Reproducibility & governance
A metric is worthless if you can't reproduce the run that produced it. Reproducibility means capturing everything that influences the result at run start, automatically, so "rerun X" is one click and "why did this metric move?" is answerable. The tracker pins it all to the immutable Run record.
| Dimension | What's pinned | How |
|---|---|---|
| Code | Exact git commit + uncommitted diff. | SDK reads the git SHA at start; warns on and stores any dirty patch. |
| Data | Dataset version / snapshot id. | Content hash or dataset-version pointer (cross-ref the ML data pipeline / model registry). |
| Environment | Container image digest, lockfile, CUDA/driver versions. |
Pin the image by sha256 digest, never a mutable
tag.
|
| Config | Full resolved hyperparameters (immutable Params). | Logged at run start; never mutated thereafter. |
| Hardware | GPU type/count and topology. | From the scheduler; affects throughput and sometimes numerics. |
| Randomness | All seeds (framework, dataloader, CUDA) + determinism flags. | Logged; note exact bitwise determinism on GPU is best-effort. |
- Lineage / provenance. Each run links upstream (dataset version, parent run for fine-tunes, code commit) and downstream (artifacts, registered model versions). This DAG answers "what produced this model?" and "what's affected if this dataset is bad?", and feeds the model registry at promotion time.
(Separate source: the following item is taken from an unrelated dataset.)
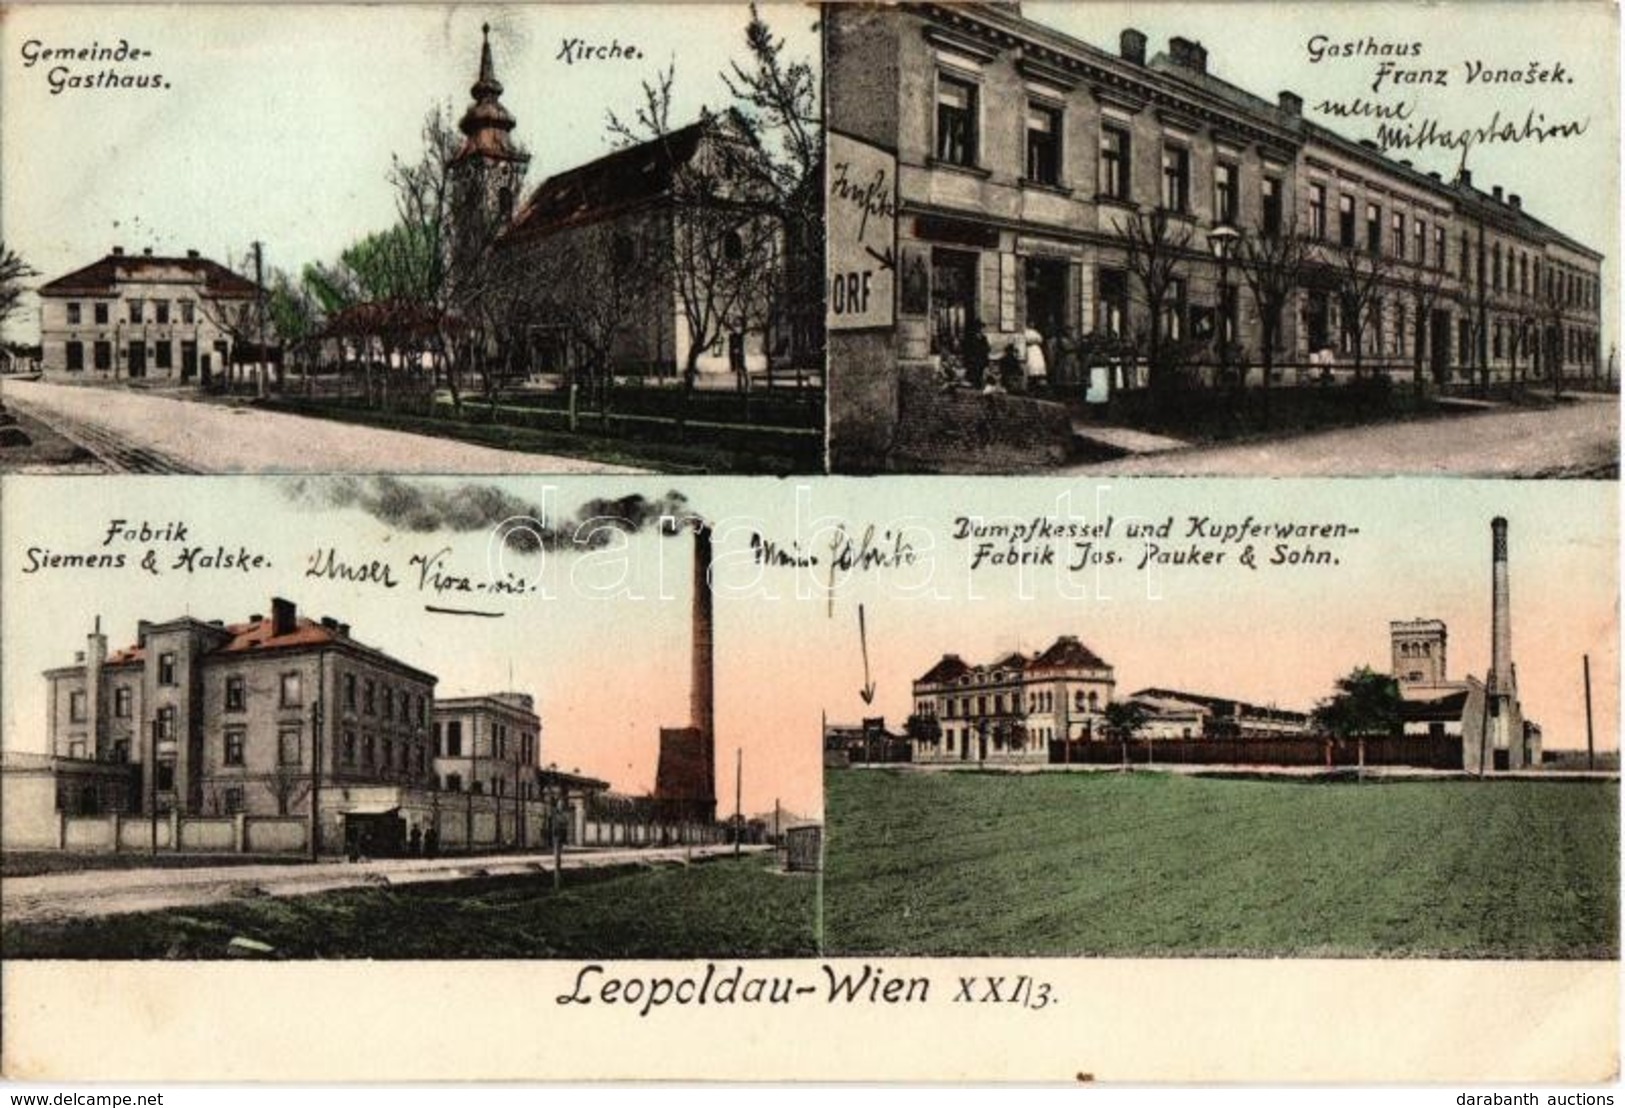 T2/T3 1911 Vienna, Wien XXI. Leopoldau, Gemeinde-Gasthaus, Kirche, Gasthaus Franz Vonasek, Fabrik Siemens & Halske, Damp - Ohne Zuordnung

- Comparison & leaderboards. The read surface: filter runs by params/tags, overlay metric curves, diff configs (which hyperparameter changed?), and rank by objective into a leaderboard per experiment. Parallel-coordinates plots reveal which params drive the metric. Because params and final metrics are immutable, these queries cache extremely well.
- Governance. Immutability + audit: a finished run is a permanent record of who ran what, when, and on which data. Per-experiment/team access control enables multi-tenancy; retention and quota policies bound cost.
The durability boundary
Params, artifacts, and lineage are the durable system of record — strongly consistent, immutable, audited. Raw metric points are best-effort telemetry — high-volume, compressed, downsampled, eventually tiered away. Different guarantees, different stores: that separation is what lets the same system be both trustworthy and cheap at 105 points/s.
Bottlenecks & scaling
A tracker rarely dies on raw QPS — it degrades through metric write volume, query fan-out over many runs, high-cardinality series, and artifact cost. The mitigations keep the firehose flowing while keeping dashboards interactive.
| Bottleneck | Why it hurts | Mitigation |
|---|---|---|
| Metric write volume | ~105+ points/s swamps a naive row-per-insert DB. | Batch on the client; ingest via a partitioned log; columnar TSDB with delta + XOR compression; shard by series. |
| Query latency over many runs | Comparing 100 runs × millions of points/series melts dashboards. | Server-side downsampling/roll-ups; pre-aggregate; resolution-by-viewport; cache immutable windows; cap series per chart. |
| High-cardinality series | Per-step, per-GPU, per-layer metrics explode series count → index blowup. | Curate/cap keys; separate system-metric family with shorter retention; tag instead of minting new series; reject runaway cardinality. |
| Artifact storage | Checkpoints (1-100 GB) × many runs → PB and real money. | Content-addressed dedup; tier hot → cold; TTL on non-promoted runs; presigned URLs + CDN/peer mesh for downloads. |
| Sweep orchestration | Thousands of trials thrash the controller + scheduler. | Async ASHA (no global barrier); persist search state; rate-limit suggestions; delegate placement to the GPU scheduler; backfill freed GPUs. |
| Hot run / write skew | A few giant runs (thousands of series) hotspot one partition. | Hash series across partitions; per-series shard key; isolate noisy tenants from shared infra. |
| Metadata contention | Frequent status/tag updates + heavy list/filter queries on one RDBMS. | Read replicas; index by experiment/tag/metric; split hot mutable status from immutable params; cache alias/resolve reads. |
Summary — what a staff answer nails
Frame it as two systems behind one SDK: a write-optimized telemetry firehose (async batched client → partitioned log → compressed columnar TSDB at ~105 points/s, downsampled and tiered) and a read-optimized analytics + control plane (metadata RDBMS + artifact store powering compare/leaderboards and a search controller). Make the client non-blocking so the tracker never steals GPU time, and put the durability guarantee on params/artifacts/lineage while treating raw metrics as best-effort. For HPO, lead with ASHA/Hyperband early-stopping to concentrate GPUs on promising trials, add Bayesian suggestion for sample efficiency, and delegate placement to the GPU scheduler. Close on reproducibility — pin code, data, container digest, and seeds — because an experiment you can't reproduce isn't an experiment.